Physicists at CERN investigate potential Lorentz symmetry violations in top quark pair production

A physicist in charge of CERN’s large -scale Hadronco Rider has tested whether top queks follow Albert Einstein’s special theory.

Installation of CMS beam pipe. Image credit: CERN / CMS collaboration.

In addition to quantum mechanics, Albert Einstein’s special relativity is functioning as the basis of the standard model of particle physics.

In that mind, there is a concept called Lorentz symmetry. The experimental results do not depend on the direction or speed of the experiment in which they were taken.

Special relativity has endured the trials of time. However, some theories, including specific models in string rationale, predict that very high energy does not work with special relativity and experimental observation depends on the direction of space -time experiments.

Lorentz’s remnants of the symmetry destruction can be observed with low -energy, such as the energy of a large hoodron co -rider (LHC), but has not been found on LHC or other colliders despite previous efforts.

In a new study, CMS physicists have searched for Lorentz symmetry on LHC using the top quark pair, the most known basic particles.

“In this case, relying on the direction of the experiment means that the speed at which the top quark pair is generated by the LHC collision in the LHC is different over time,” they said.

“To be more accurate, the average direction of the top quark generated in the center of the LHC proton beam and the center of the CMS experiment also changes because the earth rotates around the axis.”

“As a result, and if there is a priority in space -time, the production rate of the highest pair varies by era.”

“Therefore, finding a deviation from a certain speed will discover the direction of space -time priority.”

The new results of the team based on the LHC’s second execution data consistent with a certain speed.
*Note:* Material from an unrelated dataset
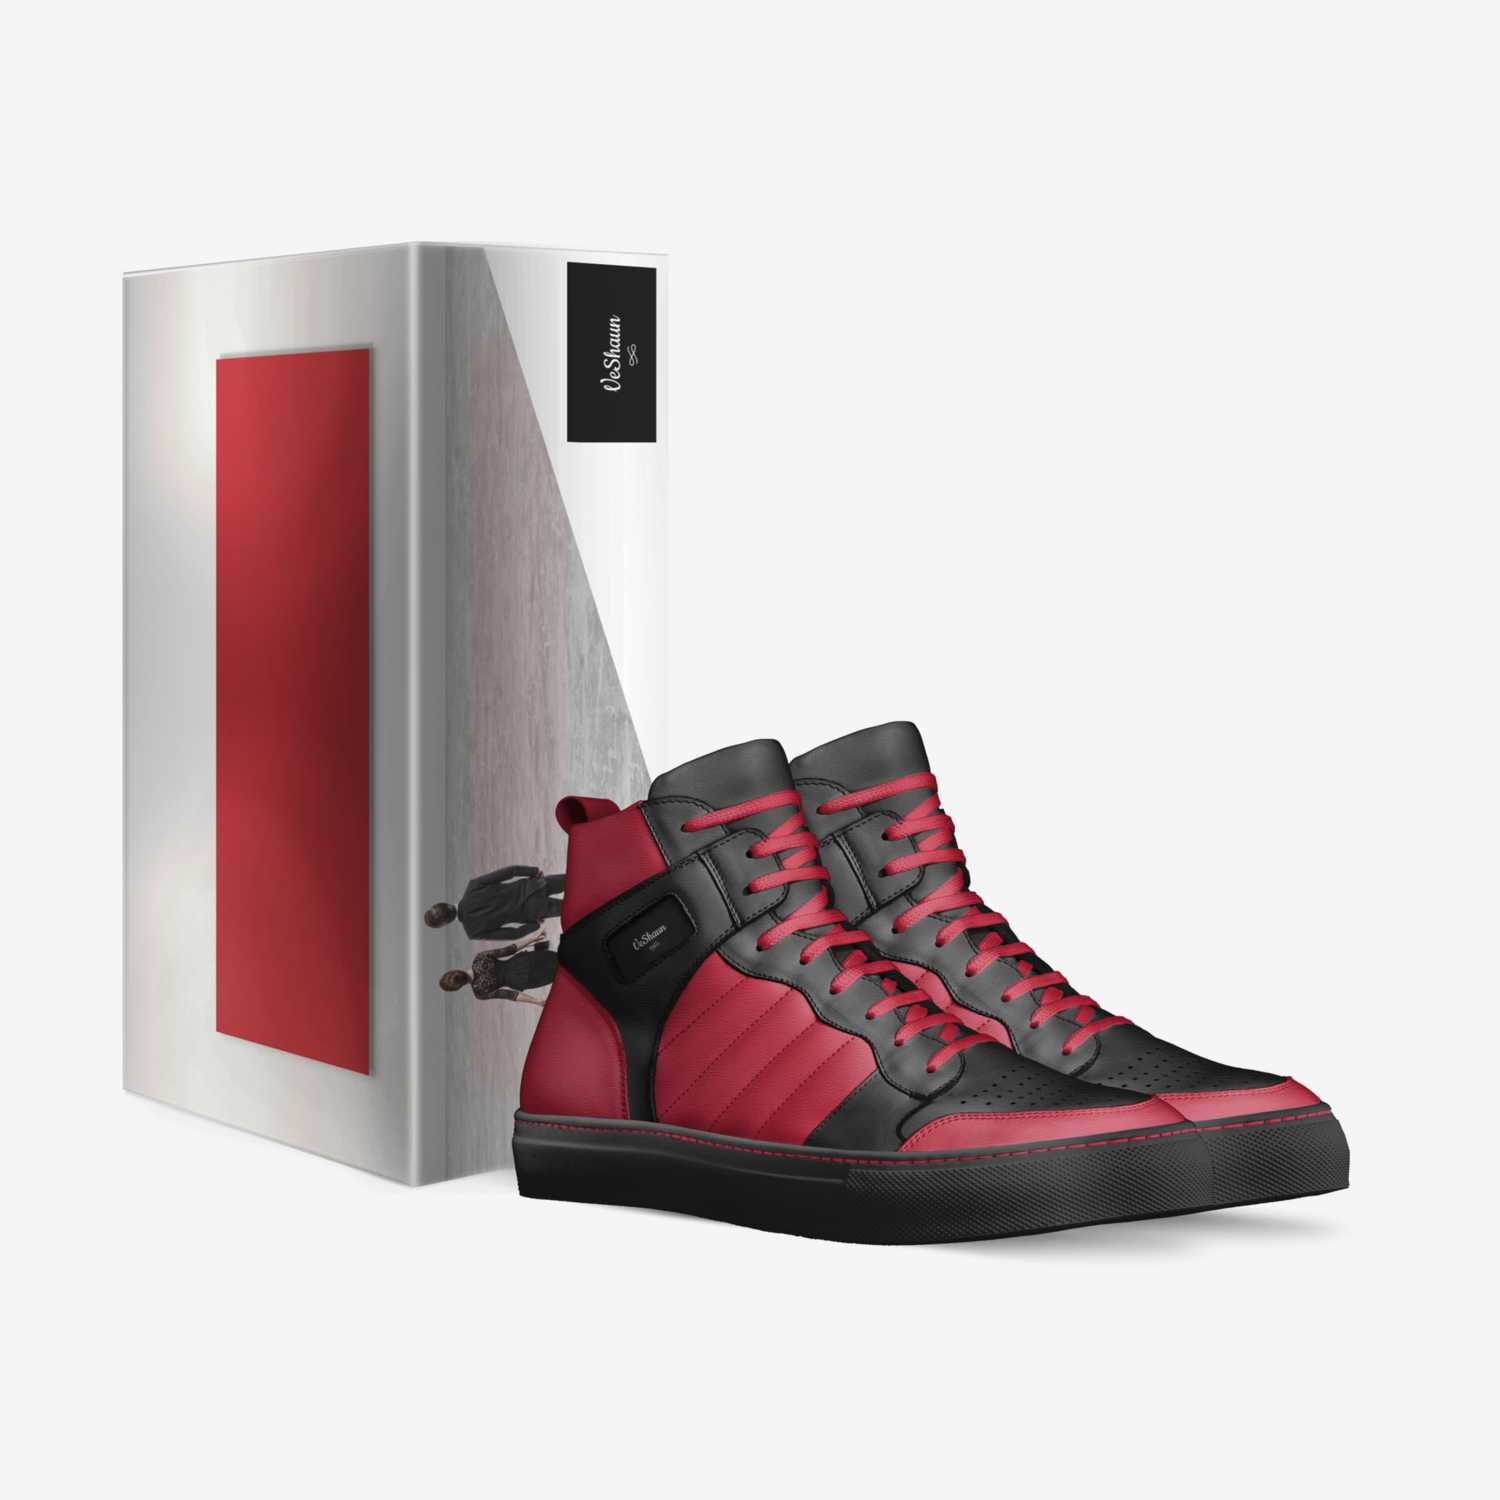 VeShaun custom made in Italy shoes by Ayrehaud Jones | Box view
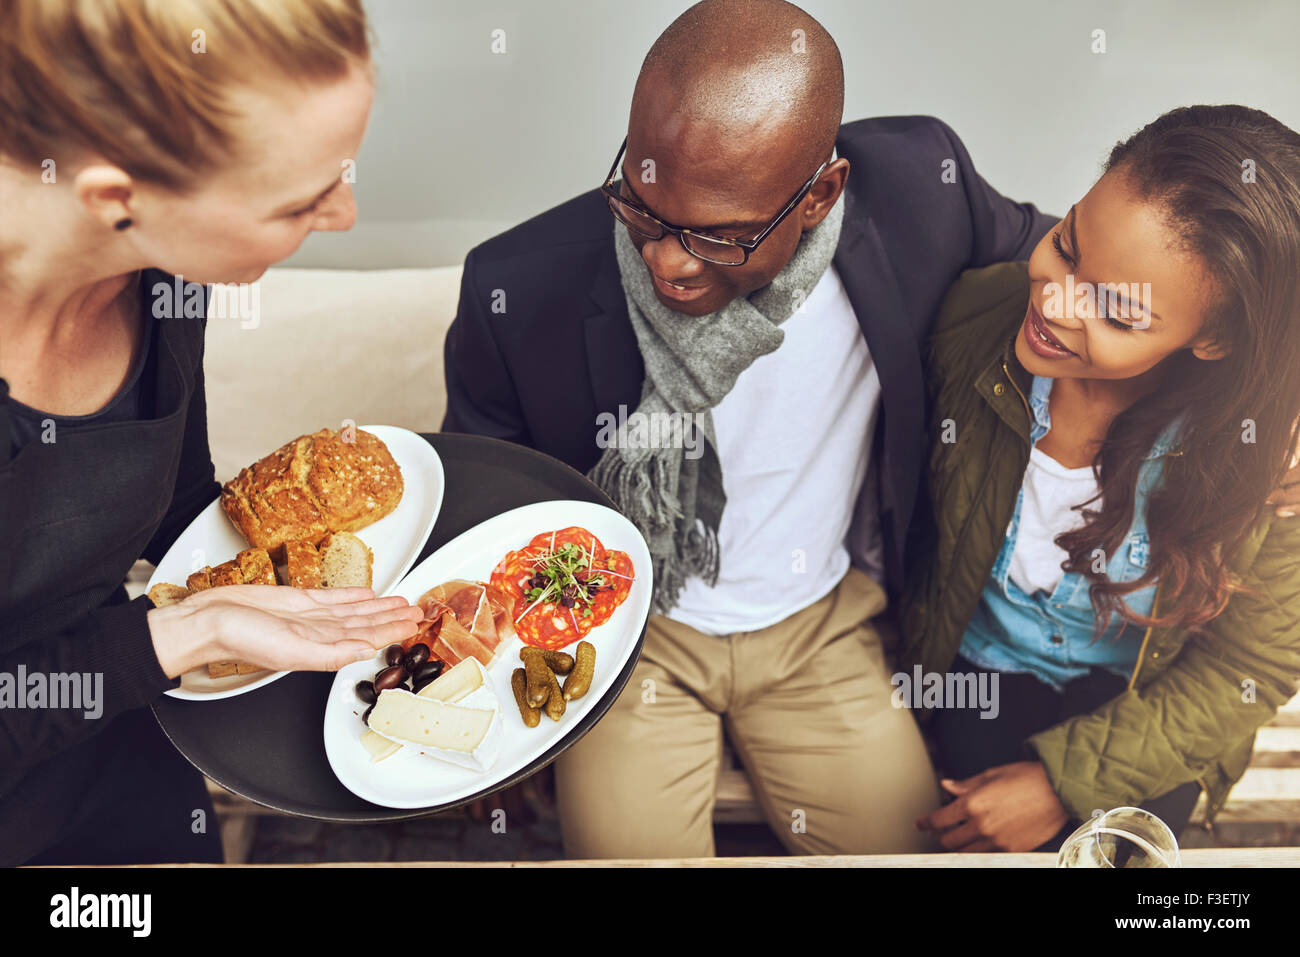 Kellnerin mit vergoldeten Küche für junge afrikanische amerikanische Kunden in einem Restaurant, erhöhte Ansicht zeigt das Essen auf den Tellern Stockfoto

In other words, Lorentz’s symmetry is not broken, and Einstein’s special relativity remains effective.

Researchers have used results to limit the size of the parameters that are predicted to be null when symmetry is maintained.

The obtained restrictions have improved up to 100 times with the previous search results, which were destroyed by Lorentz symmetry in the previous Tevatron accelerator.

“The results will open a way to search for the future in which Lorentz symmetry will be destroyed based on the top quark data from the third run of LHC,” said scientists.

“Open the door to scrutinization of processes including other heavy particles that can only be investigated on LHC, such as Higgs Boson, W and Z Bosons.”

study Published in the October 2024 issue of the journal Physics B.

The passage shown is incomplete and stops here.